It is questionable whether a 10% reduction in lactate in 6 hours represents effective resuscitation. For example, this would have equated to a reduction in lactate from 5.0 mmol/L to 4.5 mmol/L after 6 hours of treatment. Not sure I would be entirely happy with that in any of my patients! Even those that survive resus attempts  after cardiac arrest often get up to a 30% reduction in lactate in the first hour. It is more likely that we should be focussing on the trend in decrease / increase in lactate as our guide to resuscitation. Moreover, the failure to decrease lactate levels at all in response to treatment has more implications for prognosis, and is often a real situation we face when all we do is still failing.

In a multicentre, open-label, randomized, controlled trial, 348 patients were randomly allocated to either lactate-guided treatment (lactate group) or nonlactate-guided treatment (control group) during the first 8 hours of ICU stay.

• Lactate arm – goals were a 20% or more decrease in lactate levels per 2 hours and the normalization of ScvO2 (>70%).
• Control arm – lactate levels were not available to the treating physicians during the first 8 hours except for the admission level required for randomization.

Patients in the lactate clearance group had shorter time in the intensive care unit, were weaned faster from mechanical ventilation and also inotropes. There was no difference in actual lactate clearance between the groups and no difference in mortality before adjusting for risk factors. When adjusting for predefined risk factors there was a significant decrease in hospital mortality (hazard ratio 0.61; confidence interval 0.43–0.87).

45% had hyperlactataemia and compared to those with normal lactates, these patients had:

• Higher APACHE II scores (13.3 +/- 6.9 vs 10.0 +/- 5.2)
• Higher SOFA scores, (5.3 +/- 3.3 vs 3.3 +/- 2.3)
• No difference in ICU stay (LOS)
• A mortality 23% Vs 9%

Mortality rates seen were:

•  17% in patients with lactate concentrations from 2-4 mEq/l
• 64% in those with concentrations more than 8 mEq/l.
• Non-survivors had higher lactate concentrations than survivors on admission, and after 24 and 48 hours.

Risk factors for developing hyperlactataemia, present on admission were:

• SOFA score > 5
• mean arterial blood pressure less than 70 mmHg
• blood sugar greater than 110 mg/dl
• current use of vasopressors.

So…this showed a direct relationship between the serum lactate level on ICU admission and not only the risk of death in ICU but also the length of ICU stay. A good morbidity predictor, certainly.

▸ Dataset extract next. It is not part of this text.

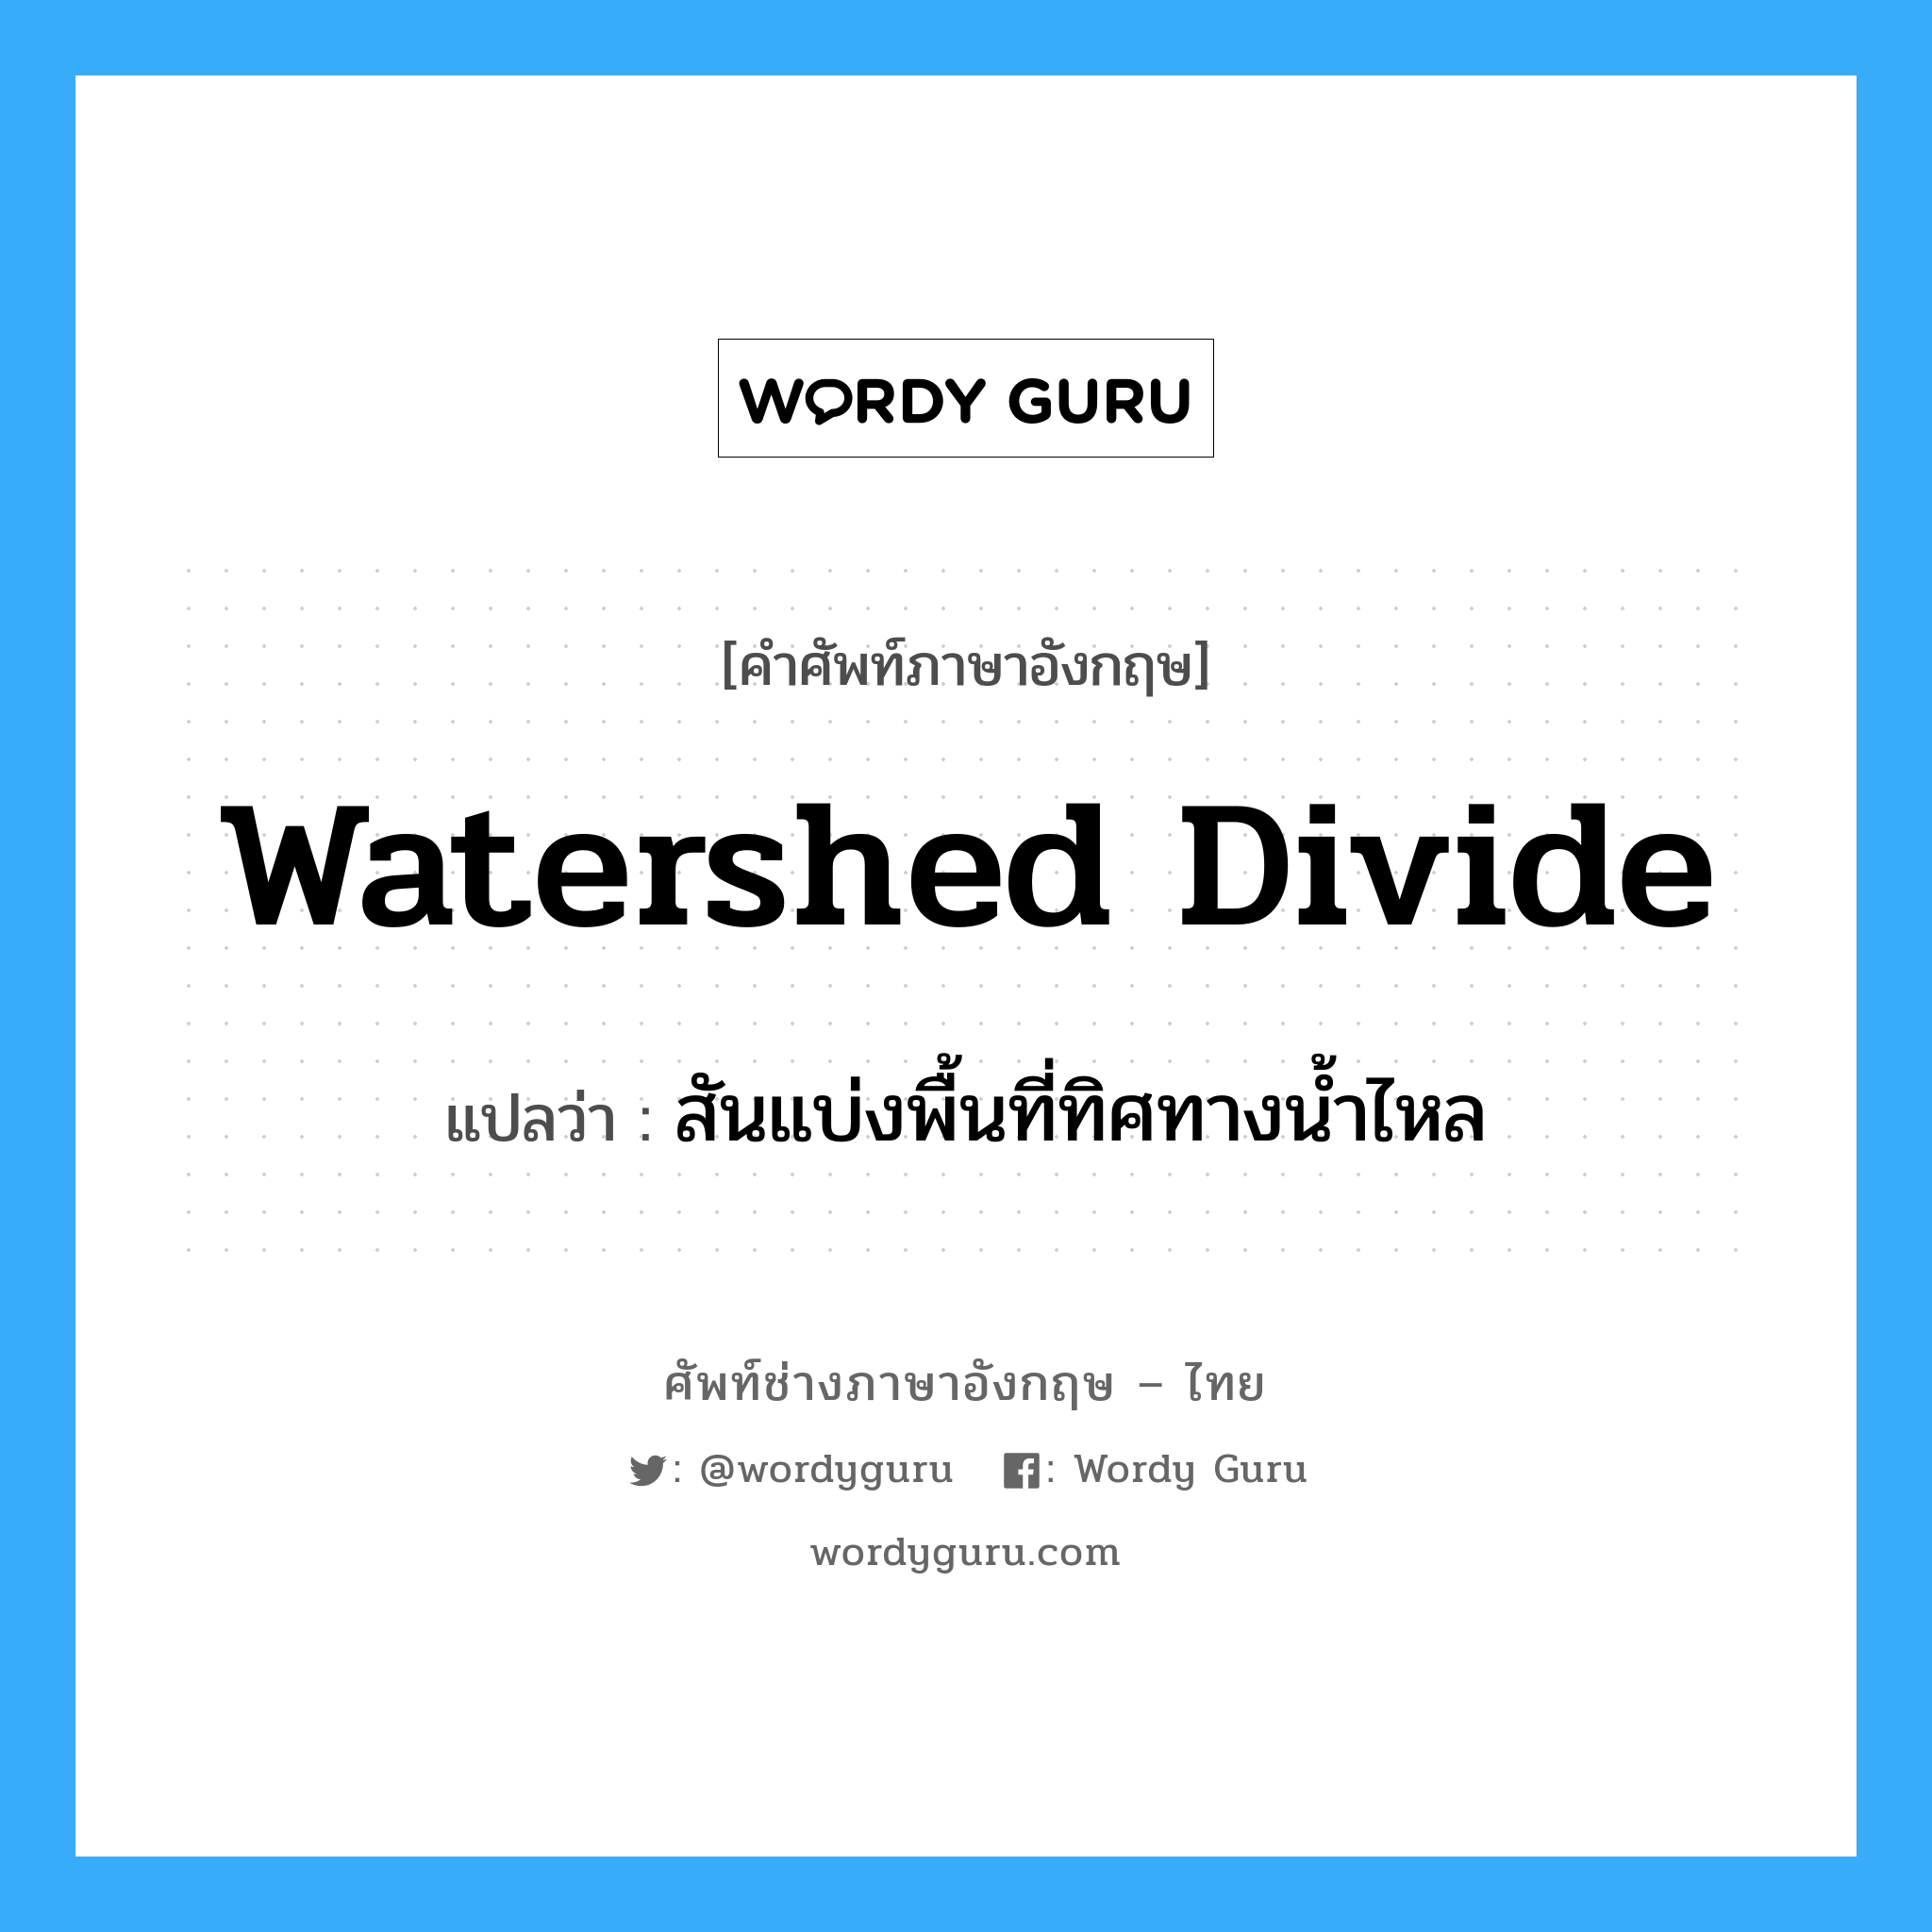 สันแบ่งพื้นที่ทิศทางน้ำไหล ภาษาอังกฤษ?, คำศัพท์ช่างภาษาอังกฤษ - ไทย สันแบ่งพื้นที่ทิศทางน้ำไหล คำศัพท์ภาษาอังกฤษ สันแบ่งพื้นที่ทิศทางน้ำไหล แปลว่า watershed divide

Another large study of 1278 patients being admitted with infection found that lactate levels could correctly stratify patients according to mortality.

• Lactate levels of
  • 0–2.4 had mortality of 4.9%
  • 2.5–3.9 had a mortality of 9%
  • ≥4 mmol/L had a mortality of 28.4%

Furthermore, evaluation of lactate clearance through serial measurements has been shown to be a useful predictor of morbidity and mortality. Patients who clear an initially elevated lactate level to < 2.5 mmol/L or < 4.0 mmol/L within 24 hours have significantly better outcomes than patients whose elevated lactate persists. Serial lactate measurements may be useful in documenting treatment response to various therapeutic interventions.

Vasodilate them then…

An important addition to the protocol treatment was the administration of a vasodilator when ScvO2 levels where normal but lactate levels did not decrease sufficiently. This is the first study to address this important problem in the resuscitation of critically ill patients, because normalisation of ScvO2 is generally regarded as a restoration of the balance between oxygen delivery and oxygen demand that should result in normalization of lactate levels. As mentioned above, the micro circulation in septic patients is often compromised and it is this that impairs lactate clearance. Even when O2 demand:supply relationships have been optimised, we see no adequate decrease in lactate levels in overtly septic subjects. Hence the addition of a drug that was thought to improve this situation, but it may only do so when this situation is existent…not in normal patients!

Like the Rivers landmark study,  protocol patients received significantly more fluids during the intervention period and far less fluid during the subsequent observation period. With this and the treatment with vasodilators,there was an almost statistically significant (p = 0.067), 20% relative reduction in mortality in addition to a strong statistically significant reduction in morbidity (duration of mechanical ventilation and ICU stay, p = 0.006).

In a study by Boerma et al, nitroglycerin administration was used in addition to a standard resuscitation protocol in all patients in the protocol group. This study showed no differences in the microcirculation between the two groups and a trend towards an increased mortality in the protocol group. In their study, nitroglycerin was also used in patients with normal microcirculation, decreasing, or even normal lactate levels, etc. This is why its addition is not warranted in normal resuscitation.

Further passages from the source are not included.